How to complete this task =>
For this exercise, repeat the whole listing below exactly. Leave the pictures out.

START Data excerpt

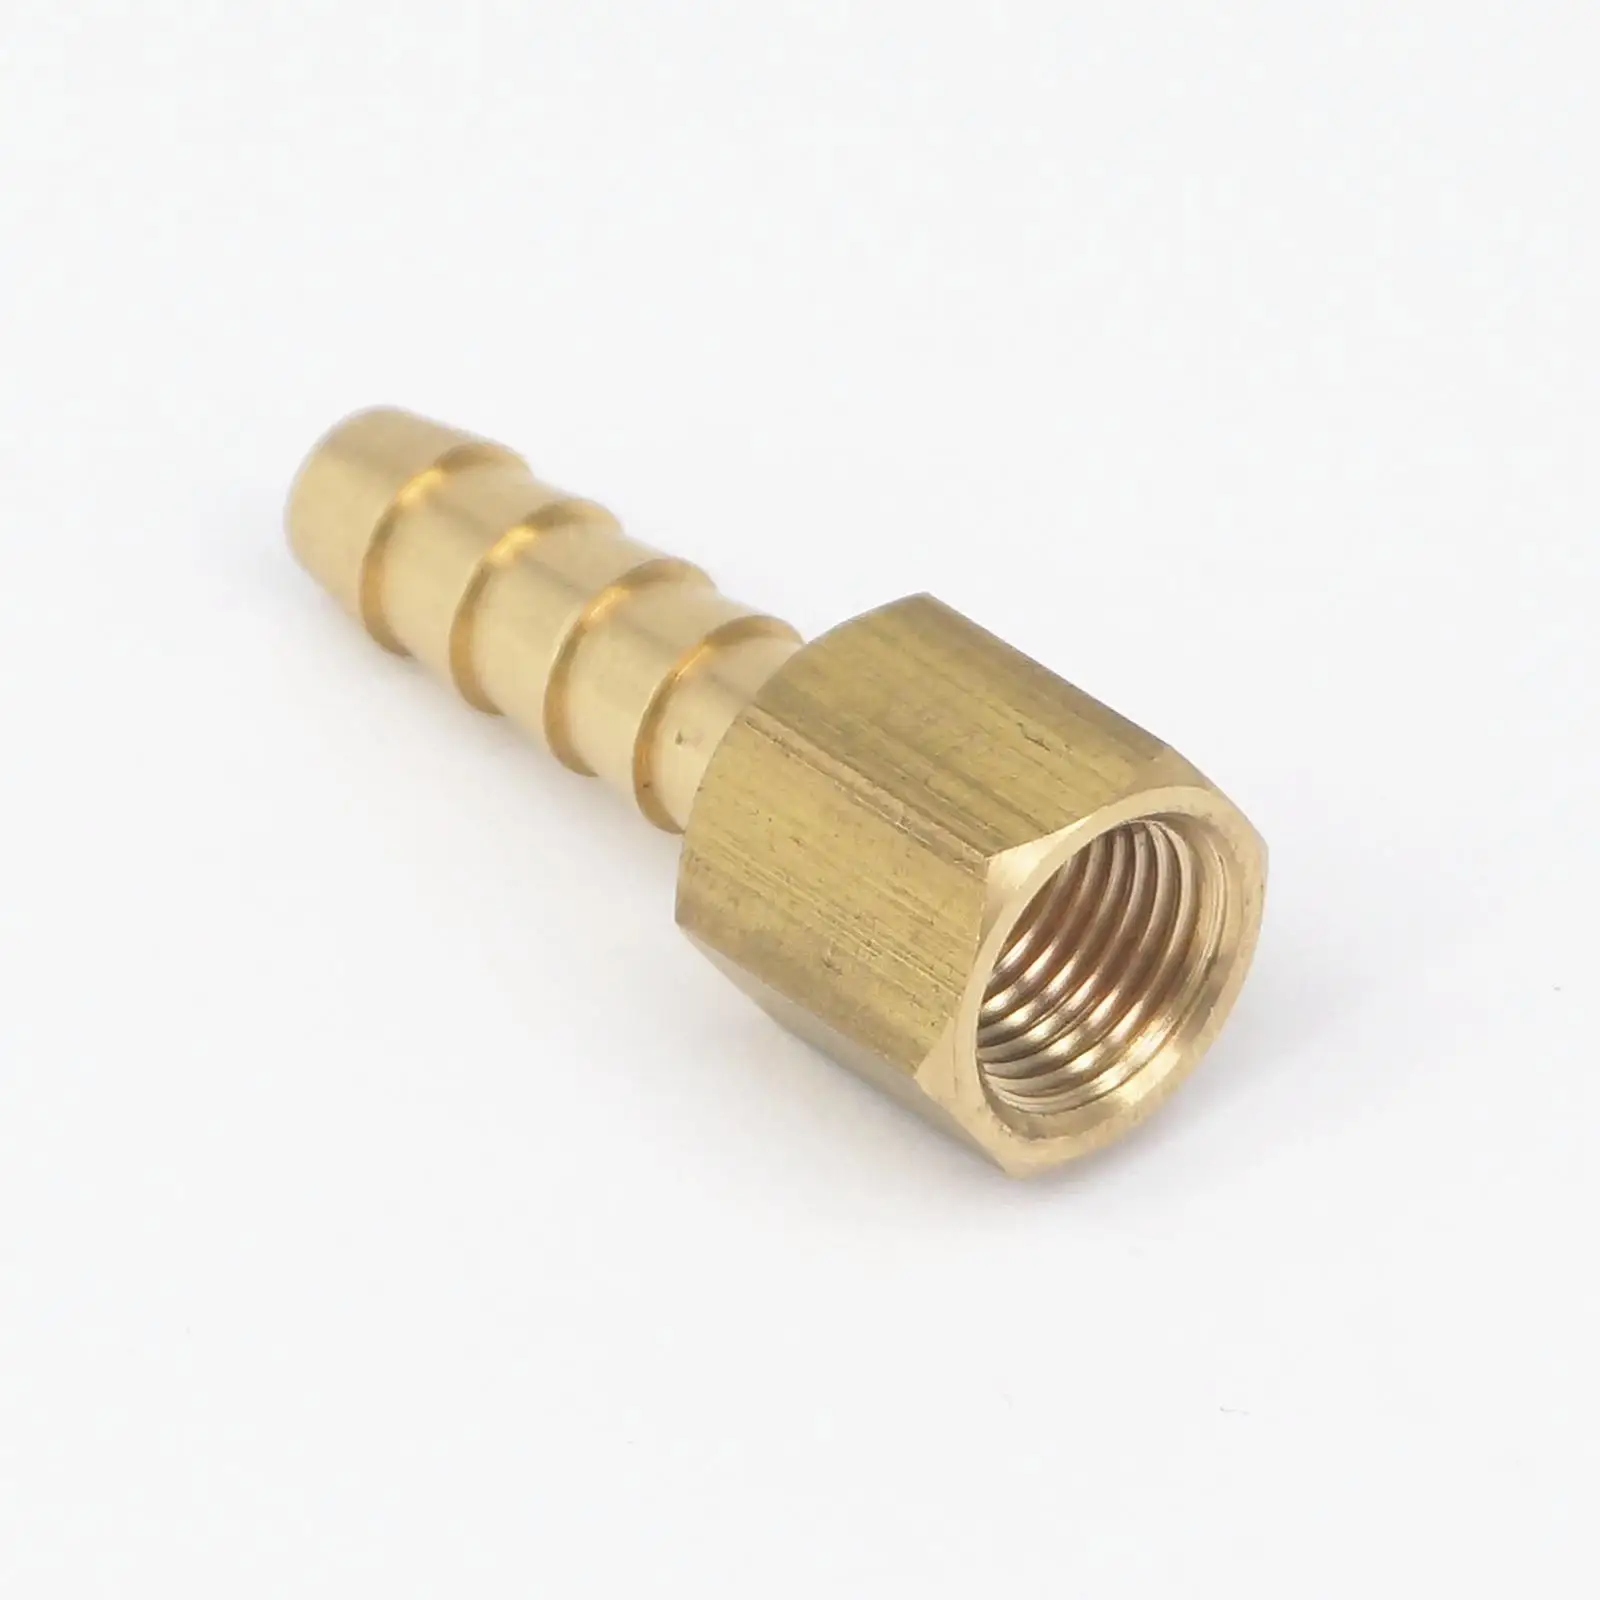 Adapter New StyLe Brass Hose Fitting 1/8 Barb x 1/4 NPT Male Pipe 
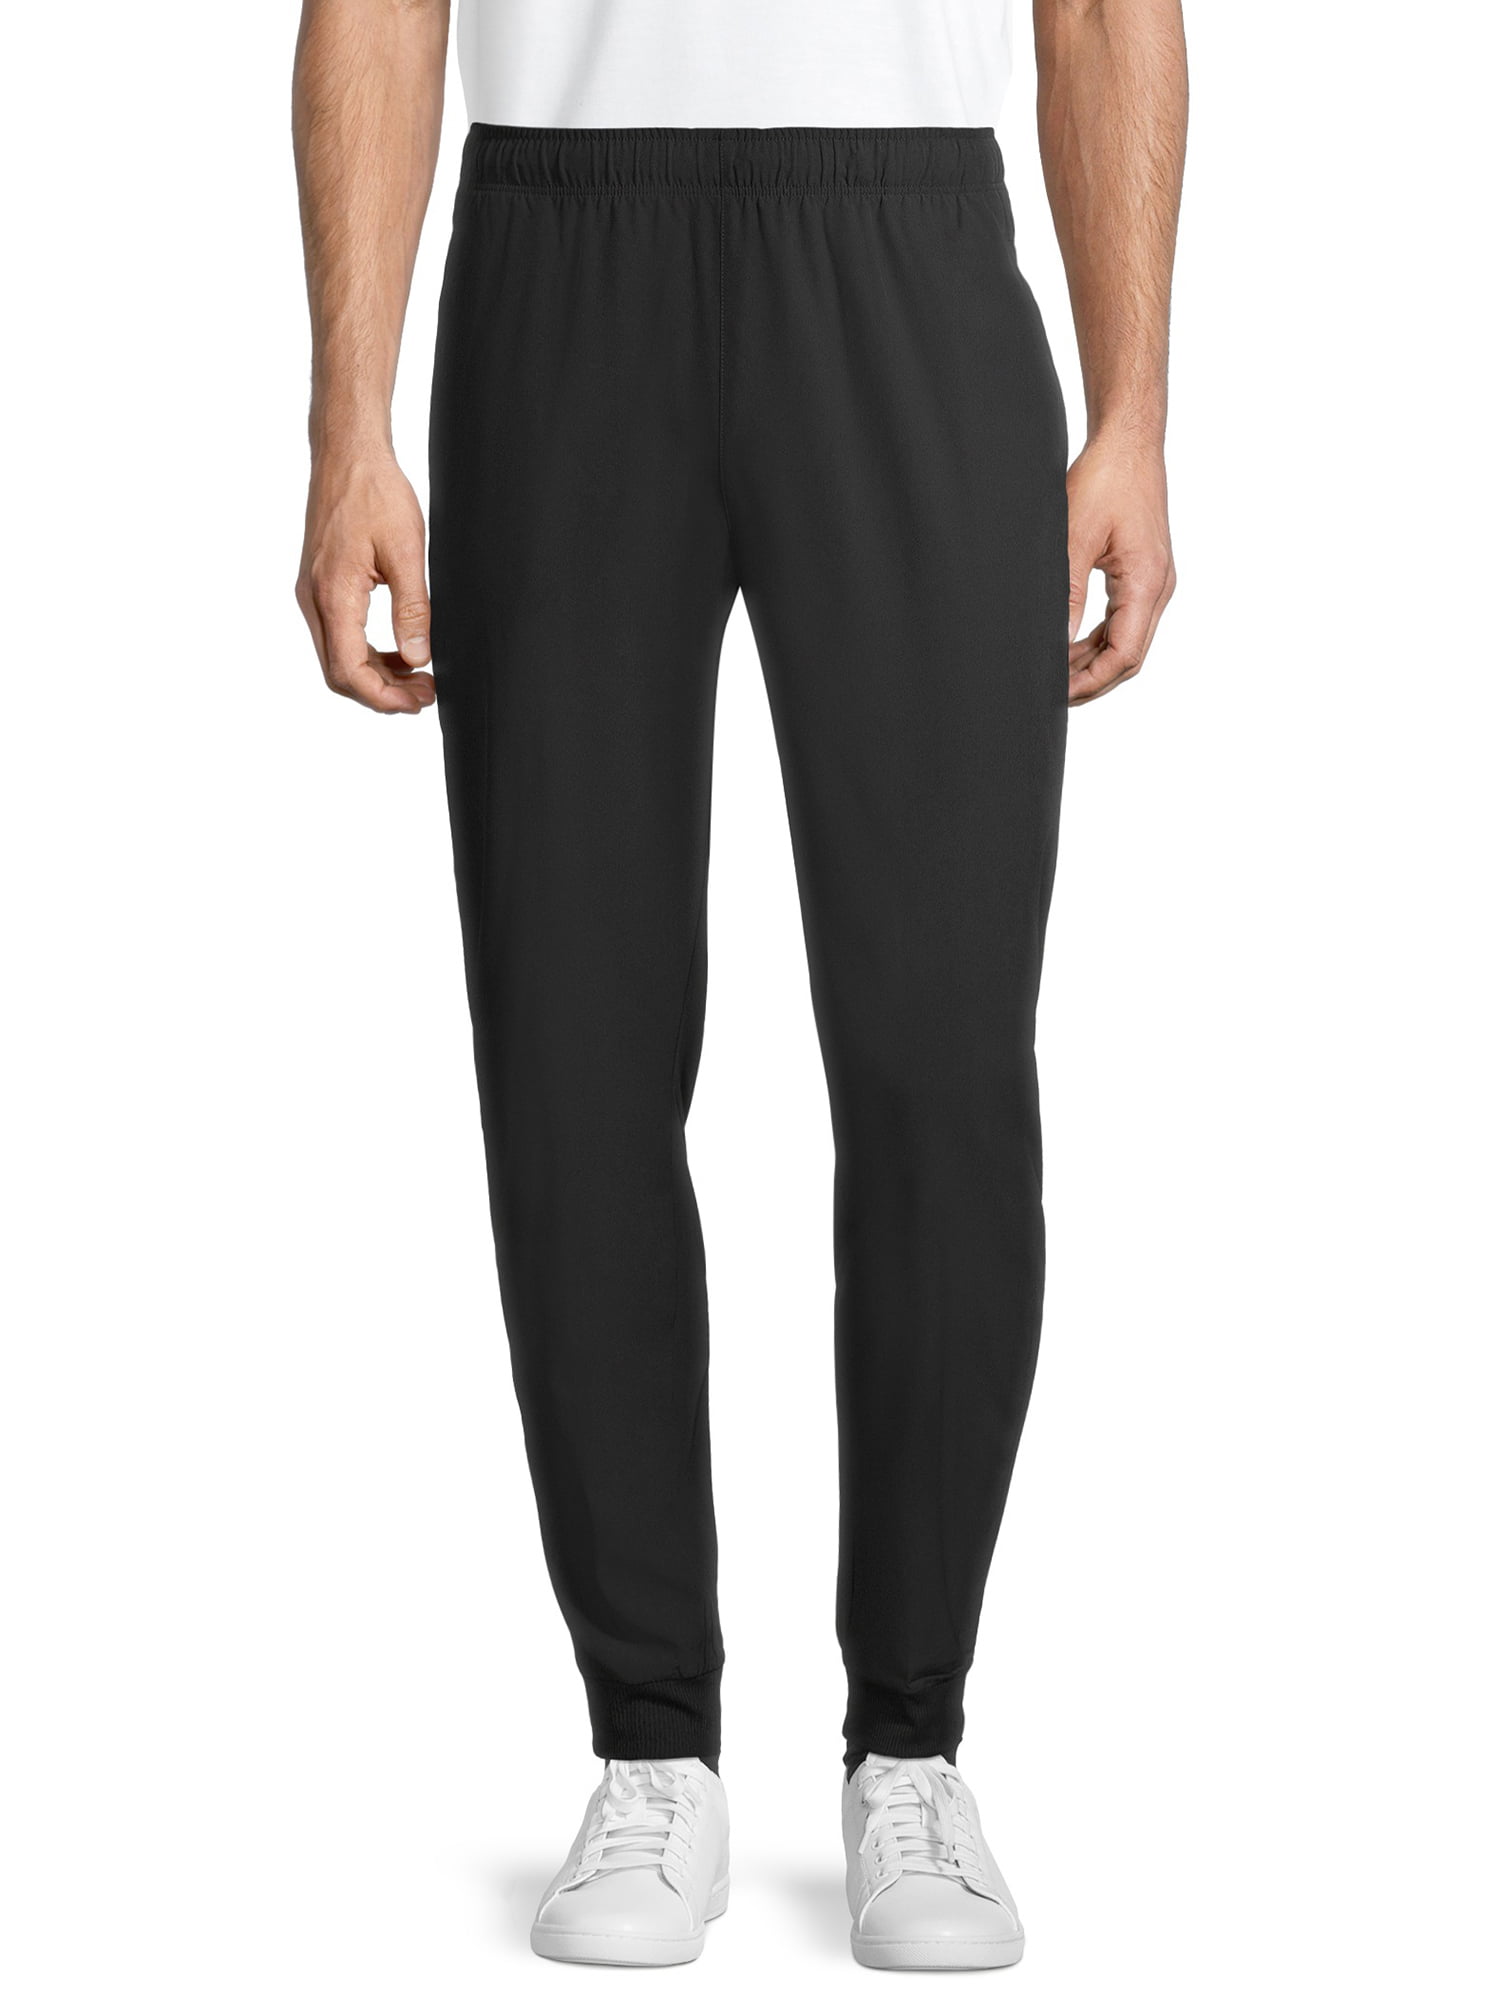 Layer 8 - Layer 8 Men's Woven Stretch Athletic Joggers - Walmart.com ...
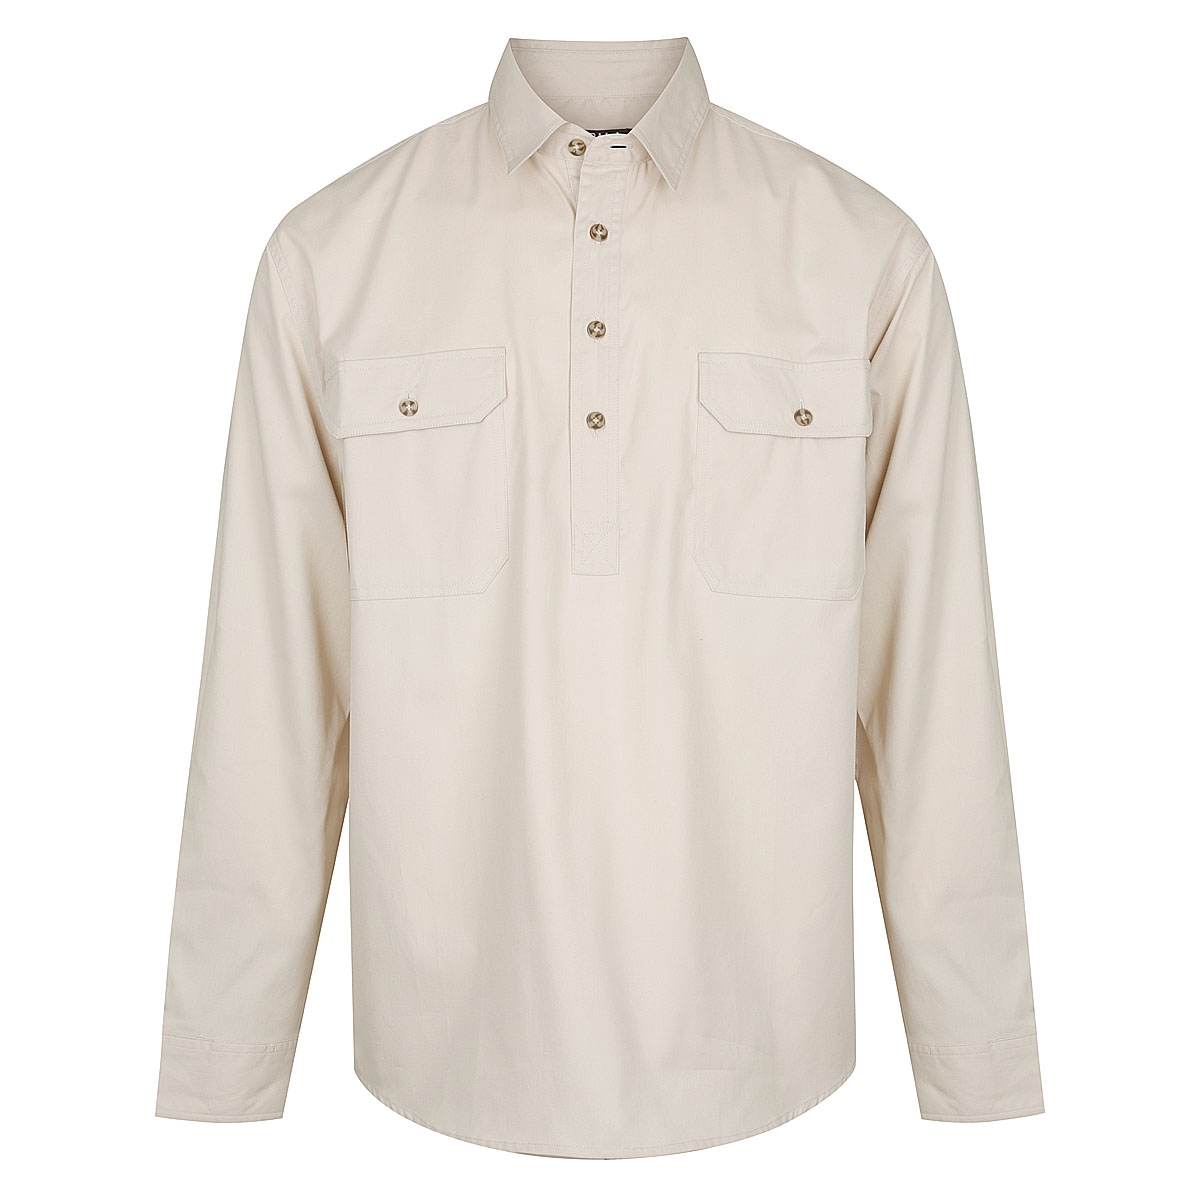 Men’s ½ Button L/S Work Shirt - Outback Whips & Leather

END Data excerpt

Task result =>
 Adapter New StyLe Brass Hose Fitting 1/8 Barb x 1/4 NPT Male Pipe 
 Layer 8 - Layer 8 Men's Woven Stretch Athletic Joggers - Walmart.com ...
 Men’s ½ Button L/S Work Shirt - Outback Whips & Leather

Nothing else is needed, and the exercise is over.